The Price of Abandonment

Home abandonment is not uncommon in foreclosures, because if people paid more for a house than it is now worth, or if they made only a small down payment, they can find themselves with a mortgage higher than the value of the home, making it almost impossible to sell at a profit or even to break even on the transaction expenses.

The grass is three feet high now at a foreclosed townhouse on New Braddock Road in Centreville, a property surrounded by neatly maintained homes with rose bushes in their yards. Dead flowers drooped in untended planters; wind-borne trash had gathered at the front door.

For Joy Loesel, a mother of two who owns a townhouse a few doors away, this foreclosure, after others nearby, was the final straw, and she and her husband decided to sell.

"We thought we would stay, but then there was a forced sale here and a forced sale there," she said. "It's not a good community if everything is foreclosed. I can't wait to get out."

Shadi Benze, who lives in the well-manicured Hadley Farms subdivision near Olney, is equally frustrated by a deteriorating property next door to her single-family home. It was owned by a paving contractor married to a school secretary, and the family abruptly moved away one morning without saying good-bye, leaving the yard untended and construction materials in piles in the back yard. A for-sale sign has been in the front yard for months, and public records indicate the house is going into foreclosure.

"It's disgusting," Benze said. "It would take 30 minutes to clean it up. I say, why keep this junk if they are trying to sell the house?"

Neighbors sometimes end up taking matters into their own hands. One financially struggling single mother who lived in a townhouse in Centreville was cited repeatedly by the homeowners association for failing to paint her home and repair a broken screen. One day in March, she disappeared after telling neighbors Velma Powell and her husband John that she was moving back to her home country because she couldn't afford to live in Centreville. John Powell has been mowing her lawn and tending her yard ever since.

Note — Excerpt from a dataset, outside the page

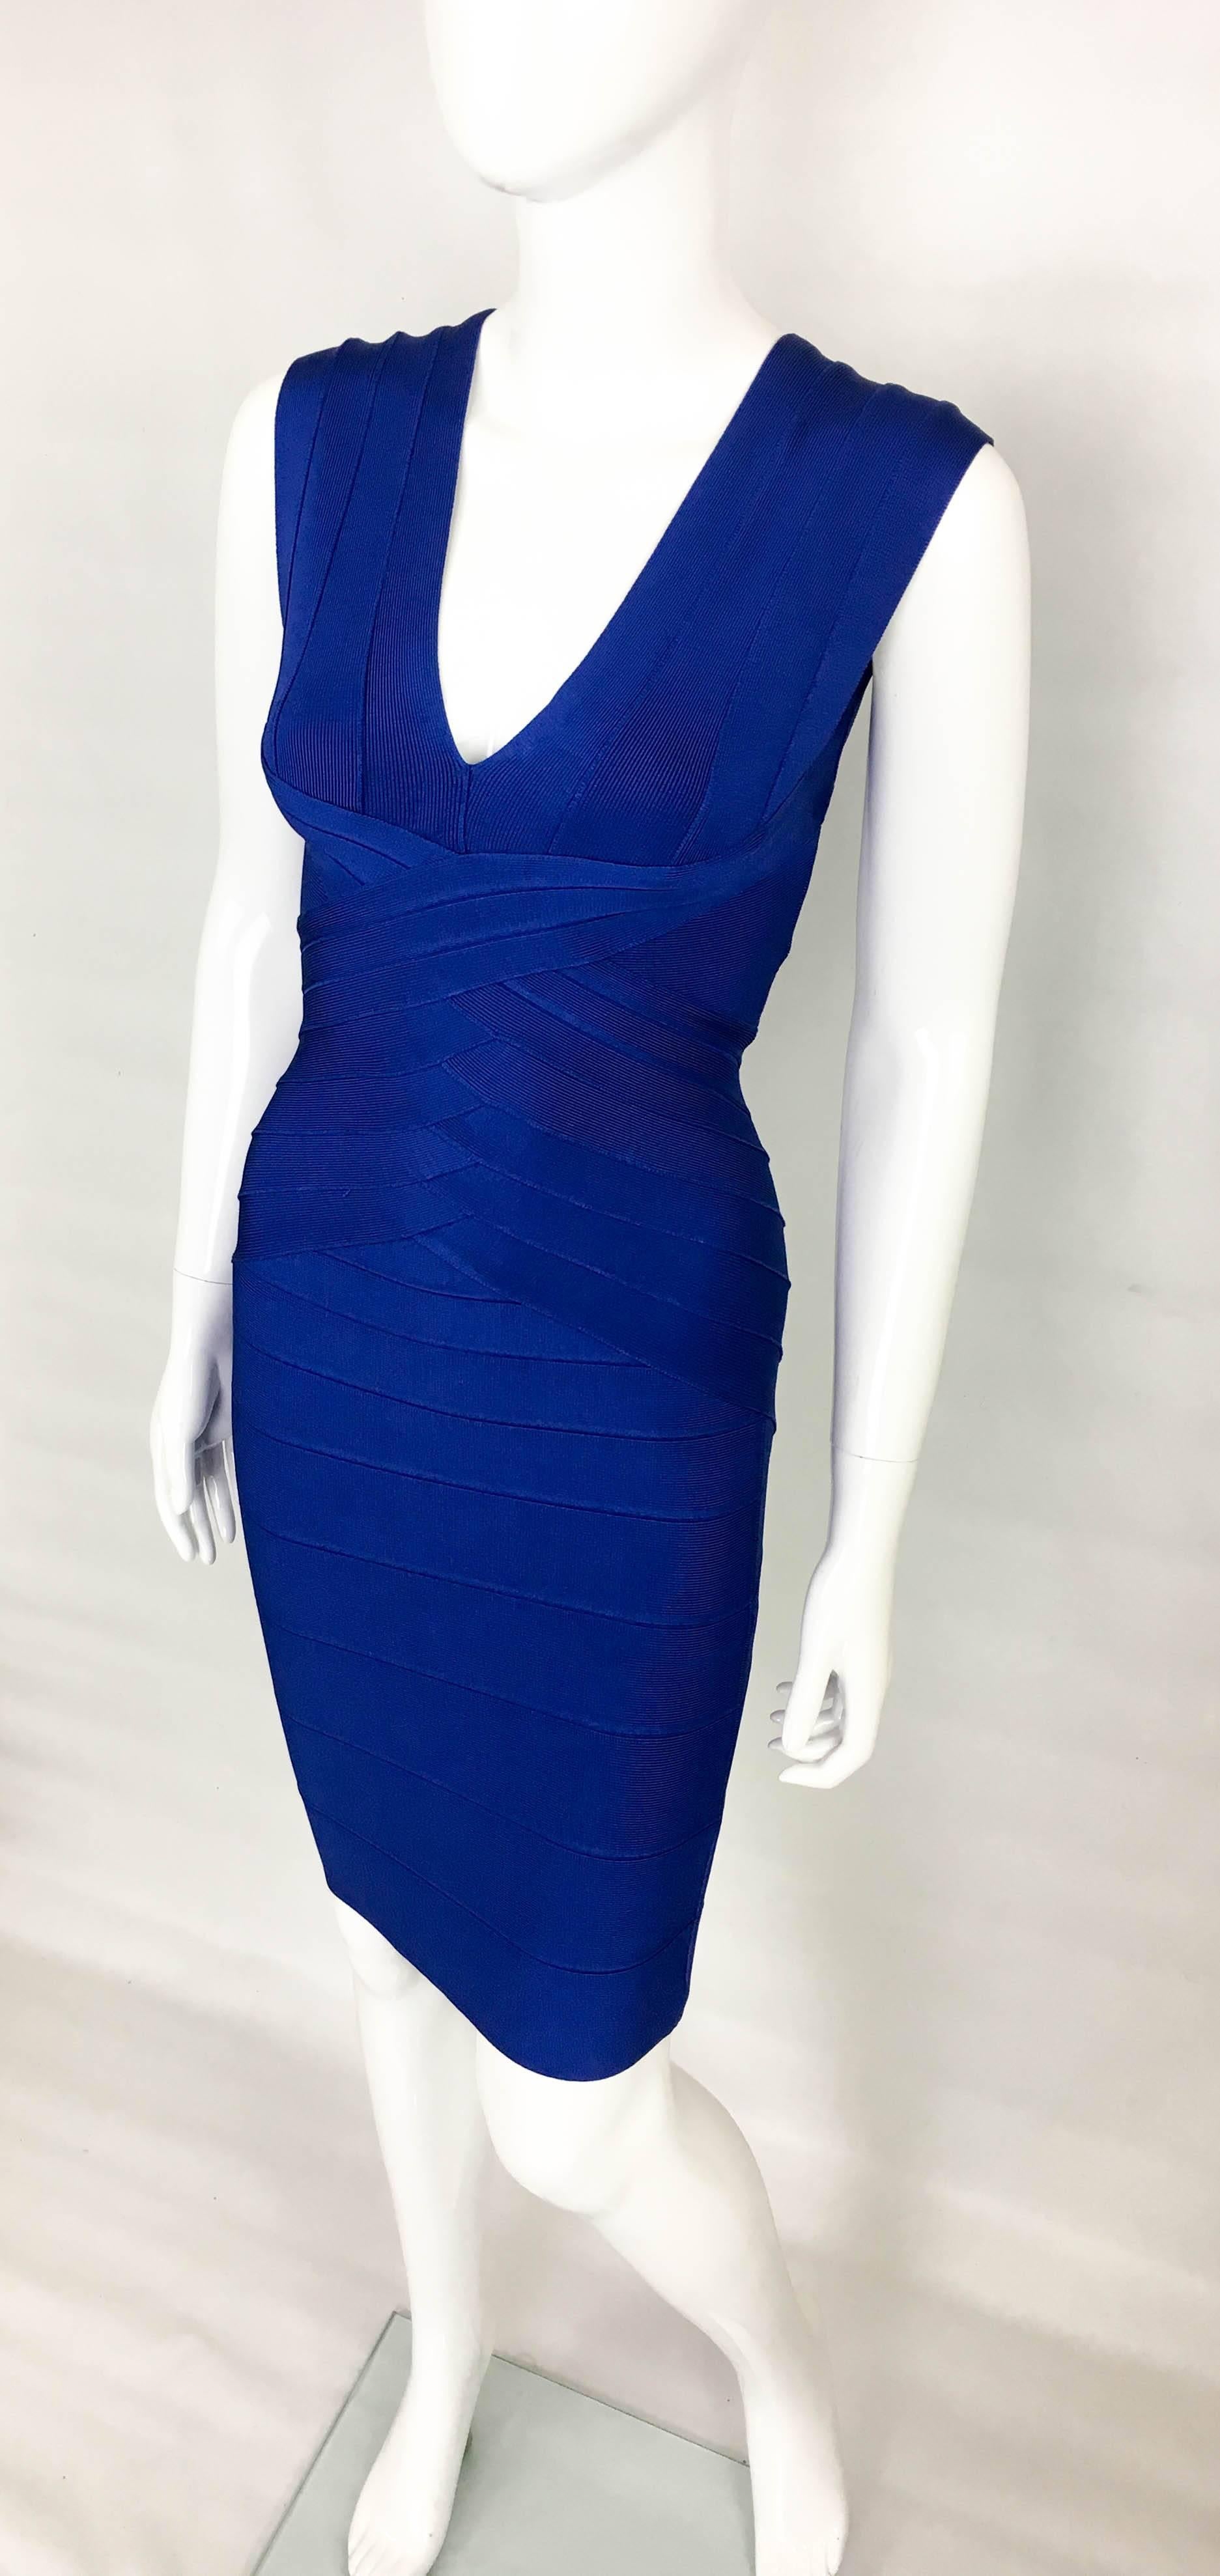 2010's Herve Leger Royal Blue Bodycon Bandage Dress In Excellent Condition In London, Chelsea

"It's like they are missing in action or something," Velma Powell said.

Frequently, homes entering foreclosure have been converted into rentals as owners try to find a way to help cover the mortgage. That is a good option for some owners, but in the worst cases, former family homes are turned into transient lodging.

Five unrelated people are living in a house facing foreclosure in Manassas. One of the tenants, Cristian Mendes, from El Salvador, said that the owner, who lives in the house, is losing it to the bank because his boarders have lost their construction jobs and can no longer pay rent.

"I've been here four months, but I'm looking for another place to go -- I have to," Mendes said in Spanish. "I'll be on the road."

The door to the front of the house was propped open with a rope attached to the front railing to signify it would accept anyone passing by who wanted to rent a room. Tenants wandering in off the streets have plenty of options in Manassas: At the Global Foods grocery nearby, there were more than 35 handwritten fliers, most in Spanish, offering rooms to rent in homes.

"It's creating a whole subculture of boarding rooms," said Jose Luis Semidey, a Tysons Corner mortgage broker and real estate agent.

The Senate Banking Committee has been told that 2.2 million families nationwide face foreclosure as a result of loans they can't pay. Many home repossessions are expected to occur within the next two years as attractive low-interest "teaser" rates expire and mortgages adjust to reflect higher payments.

"Everybody in the industry knew what was coming when you start loosening the criteria for making loans, allowing anybody to get a loan for anything," said Beau Brincefield, an Alexandria real estate lawyer. "Sooner or later, the chickens come home to roost."